I was asked this question in the context of my consultancy, but the more I have thought about it, the more I have come to realise how apt it is for our sector. Especially now, as the dust of lockdown settles and the reality of the impact of Covid-19 begins to sink in.
So, what does it mean? Perhaps we could substitute a word with similar meaning – responsibility.
To me, it means owning our actions … and sometimes owning up to our inaction. For too many years, the non-profit sector in South Africa was not really held accountable, particularly when it came to accounting for the investments made in the societal change they promised.
This was perpetuated throughout the dark years of apartheid. Such was the empathy for the plight of South Africans of colour that funding flowed into organisations fighting the nationalist government on many fronts. From literally fighting the armed forces of the country to supporting the health, education and even nutrition of the many people confined to townships and informal settlements under this repressive regime.
Post-1994, there was an air of optimism – Madiba Magic had averted a civil war, and the goodwill generated for his rainbow nation from the international community was unprecedented. Along with the financial support. There was no need to be too concerned about accounting for one’s actions, there were so many pots of money available that if an organisation fell out with a donor, they simply moved on to the next one.
Non-profit organisations have proliferated – today, there are almost 230,000 on the government’s NPO registry. Far too many for a country of our size. But it couldn’t last. From the late 1990s, the storm clouds gathered around the rainbow nation and other global priorities beckoned. Tsunamis. Earthquakes. Floods. Droughts. Wars. The refugee crisis.
It has become more and more of a competition to catch the attention of a donor for long enough to convince them of the change your organisation claims to bring about. But nobody addressed the elephant in the room – what did you do with the money we gave you before?
And right now, I need to stop and share a caveat – this is a generalisation. There are some South African organisations that are flourishing and one of the reasons that they are is that they are accountable to all of their constituencies.
But more about that later. Back to the problem at hand. Too many non-profits. Not enough money. International pressure to support different causes. No longer sexy. The problems abound.

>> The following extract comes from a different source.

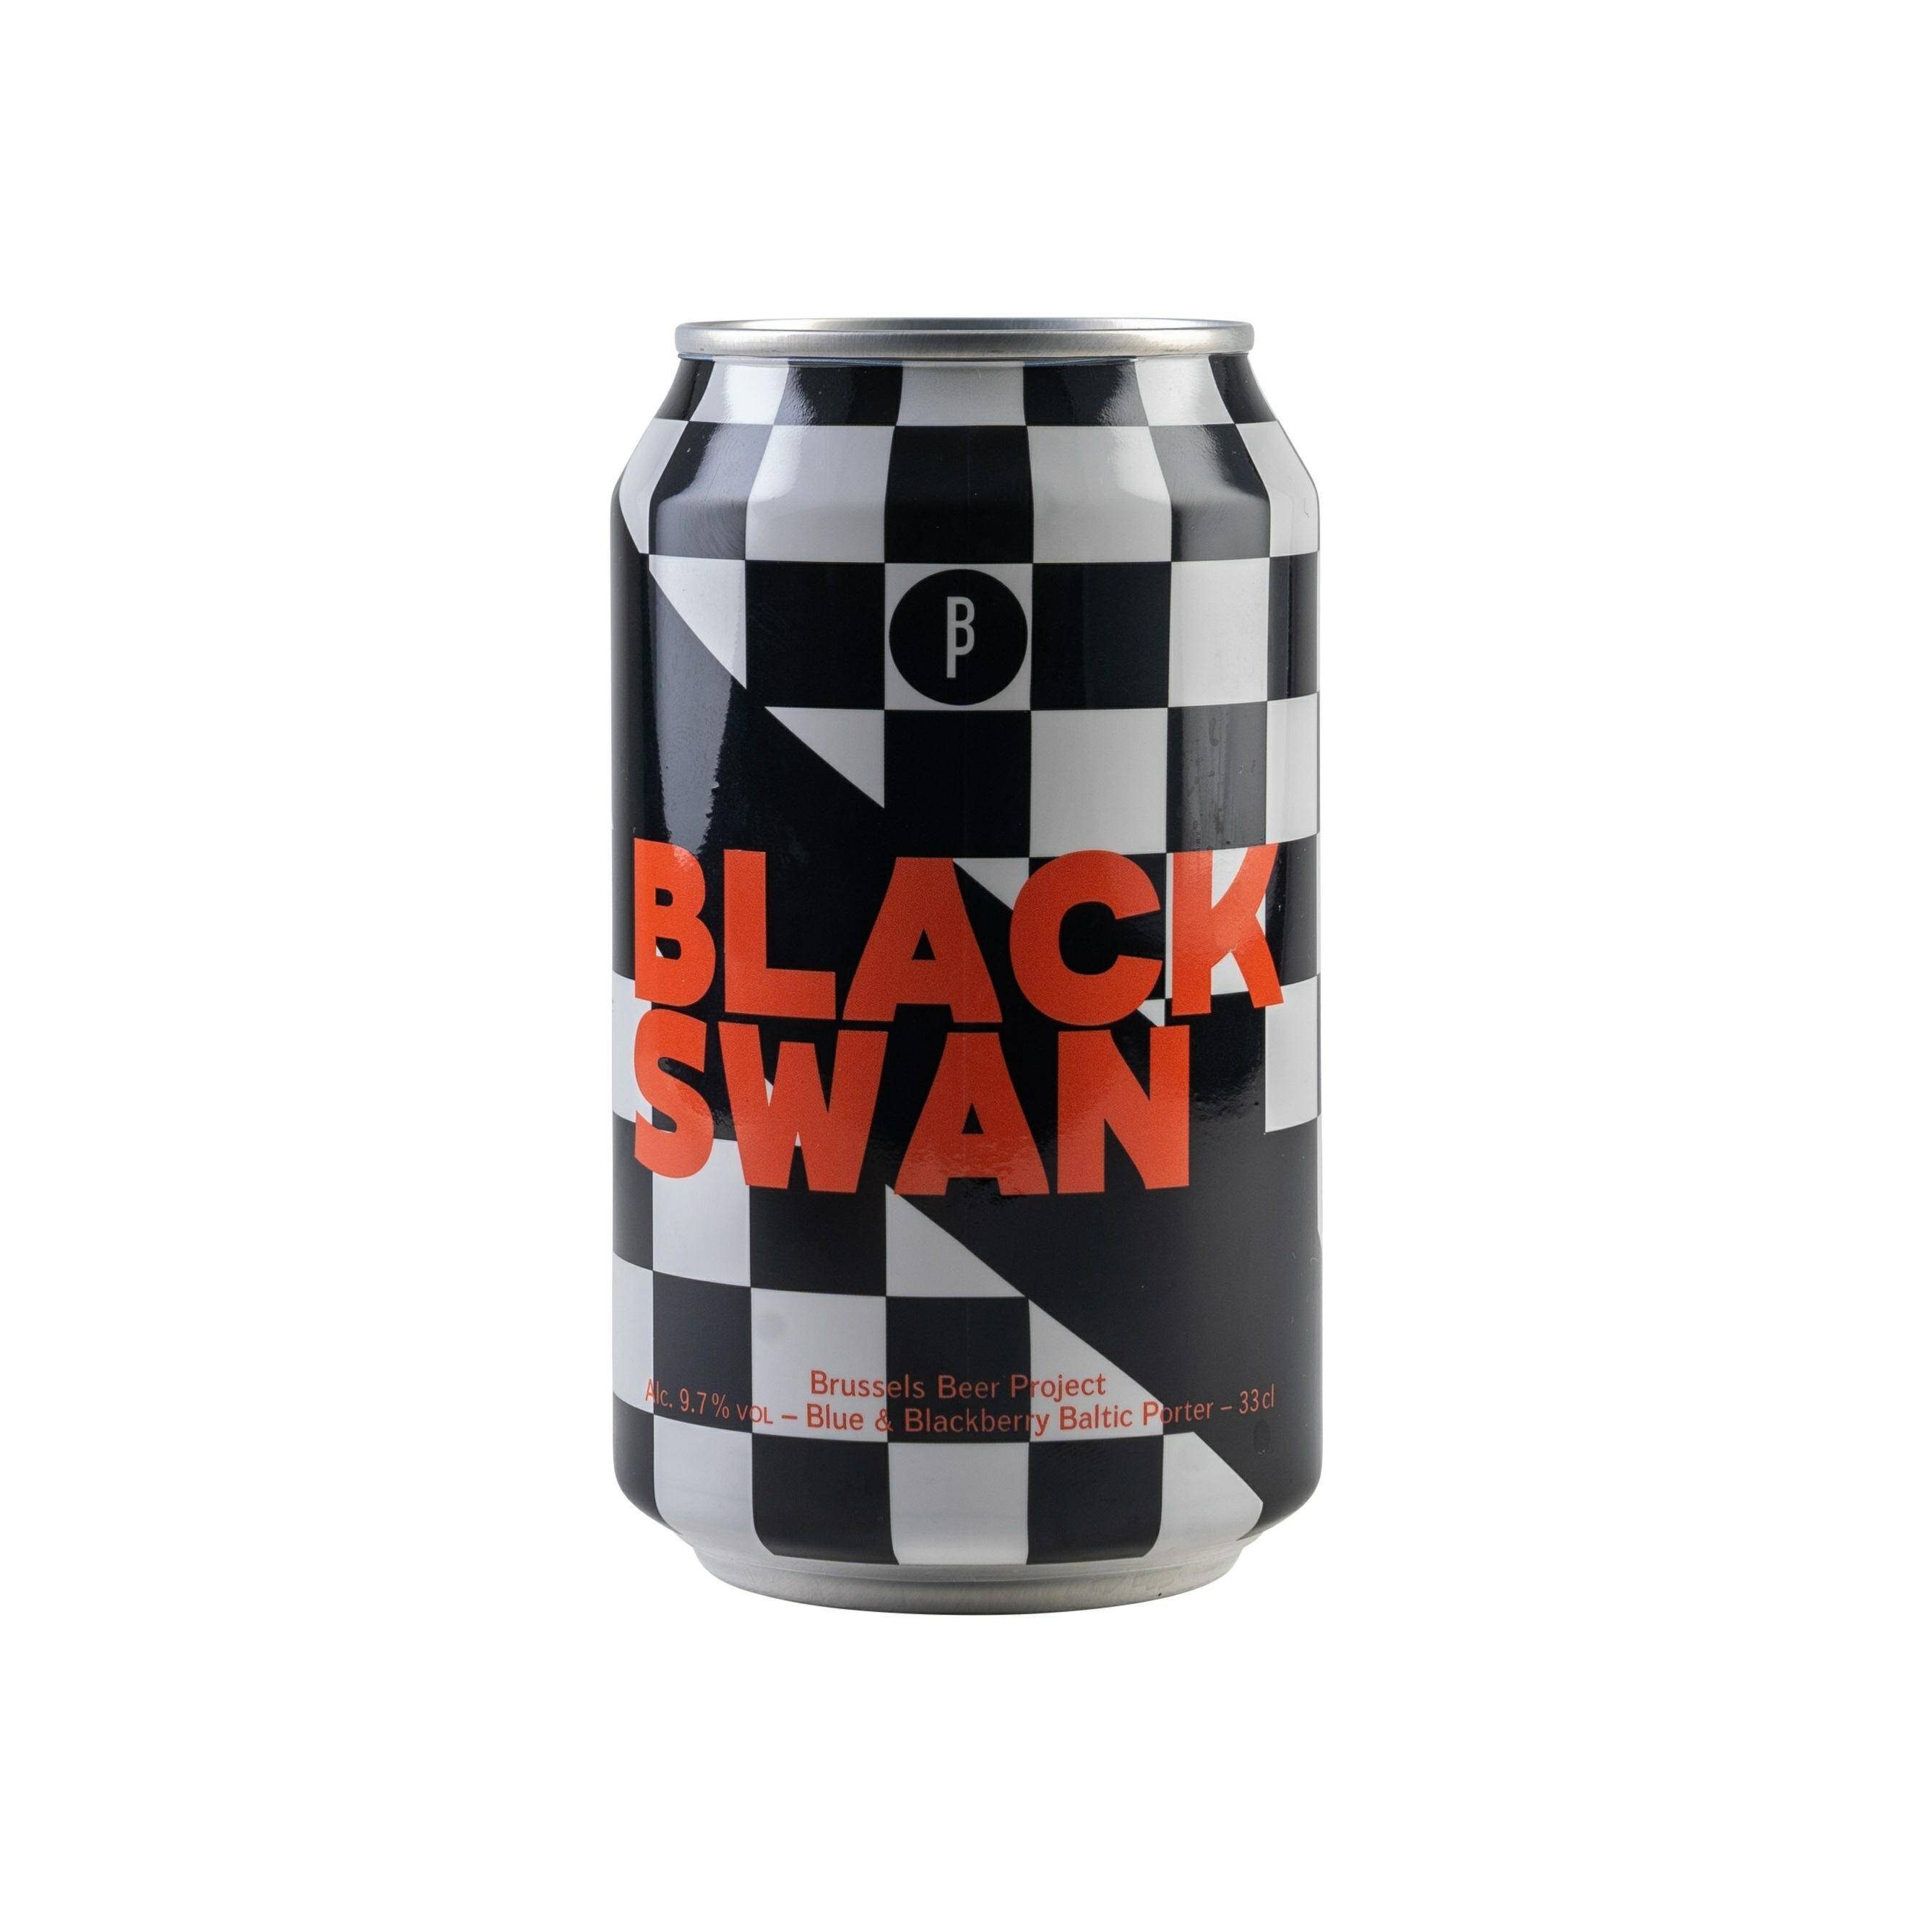 Brussels Beer Project Black Swan 330 ml

And the biggest challenge we have ever faced – COVID-19.
Coronavirus is cutting a swathe through the global population but its impact on the non-profit sector is going to be even worse. Organisations are going to close because while the need continues to grow, there is simply not enough funding to go ‘round.
So, who will the survivors be? It’s simple – the organisations to weather this storm are accountable. Donors, beneficiaries, governing boards … they are all educated through a clearly articulated communication strategy that shares the big goal and identifies the steps to be taken towards it. Then they disseminate their progress towards that goal. Clearly, simply, cleverly … and with integrity. Integrity is a critical element of accountability – you know, doing the right thing, even when nobody is looking.
But the bottom line is that we all need to be accountable to our constituencies. Create honest, open lines of communication. Admit when we are wrong. Celebrate when things work out. But take responsibility for your actions and those of your organisation. It’s the right thing to do.
It is not only what we do, but also what we do not do, for which we are accountable.